Poster
Analyzing Finetuning Representation Shift for Multimodal LLMs Steering
Pegah KHAYATAN · Mustafa Shukor · Jayneel Parekh · Arnaud Dapogny · Matthieu Cord
Multimodal LLMs have reached remarkable levels of proficiency in understanding multimodal inputs, driving extensive research to develop increasingly powerful models. However, far less attention has been given to understanding and explaining the underlying mechanisms of these models. Most existing explainability research examines these models only in their final states, overlooking the dynamic representational shifts that occur during training. In this work, we systematically analyze the evolution of hidden-state representations to reveal how fine-tuning alters a model’s internal structure to specialize on new multimodal tasks. Using a concept-based approach, we map hidden states to interpretable visual and textual concepts, enabling us to trace changes in encoded concepts across modalities as training progresses. We also demonstrate the use of shift vectors to capture this concepts changes. These shift vectors allow us to recover fine-tuned concepts by shifting those in the original model.

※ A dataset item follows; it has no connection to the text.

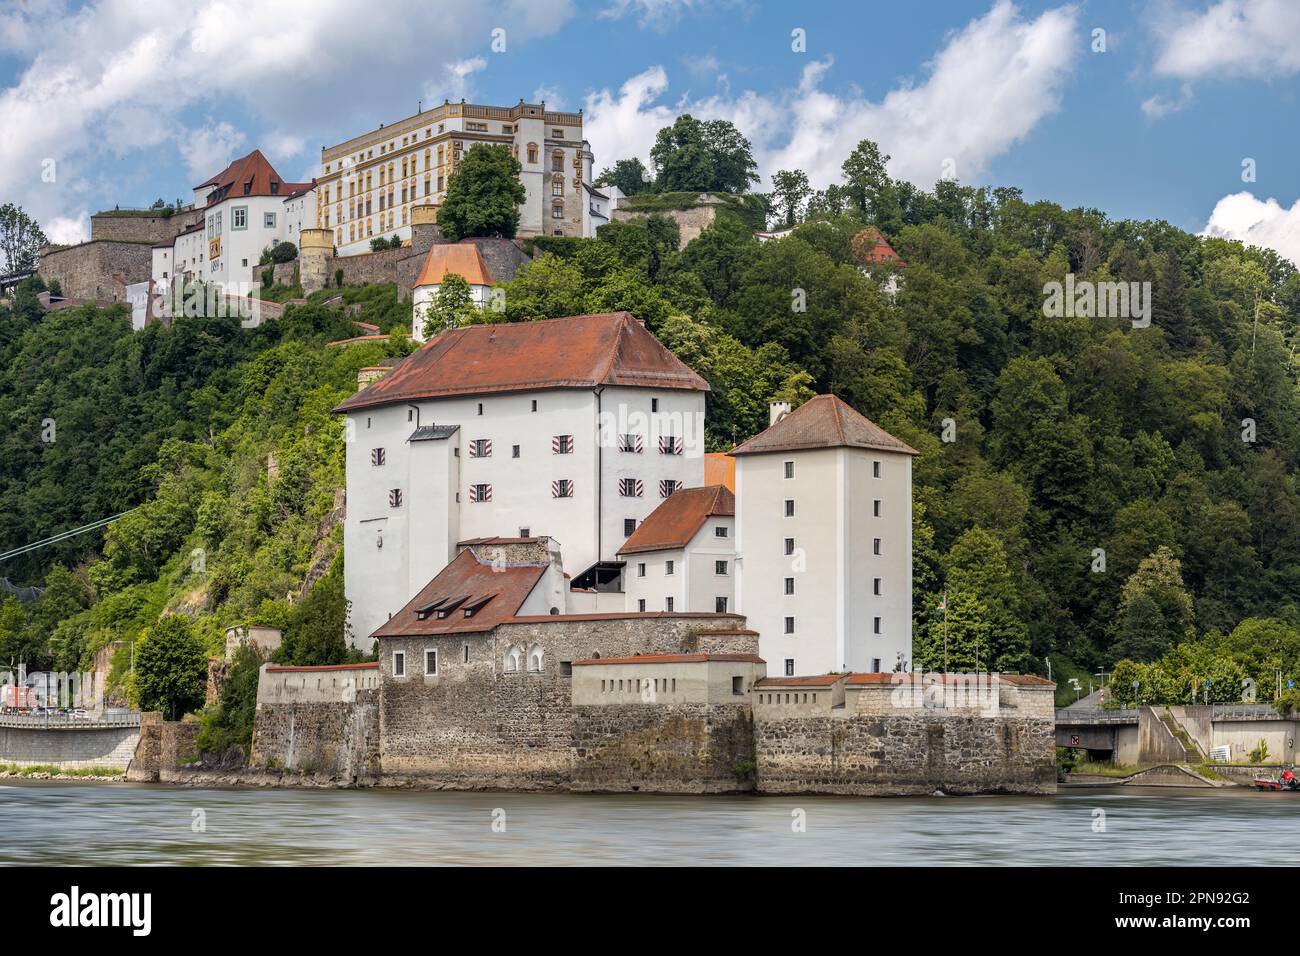 Veste Niederhaus, castle at the confluence of rivers Danube and Ilz, in front of Veste Oberhaus fortress in Passau, Bavaria, Germany Stock Photo

Finally, we explore the practical impact of our findings on model steering, showing that we can adjust multimodal LLMs behaviors without any training, such as modifying answer types, captions style or biasing the model toward specific responses. Our work sheds light on how multimodal representations evolve through fine-tuning and offers a new perspective for interpreting model adaptation in multimodal tasks. The code will be made publicly available.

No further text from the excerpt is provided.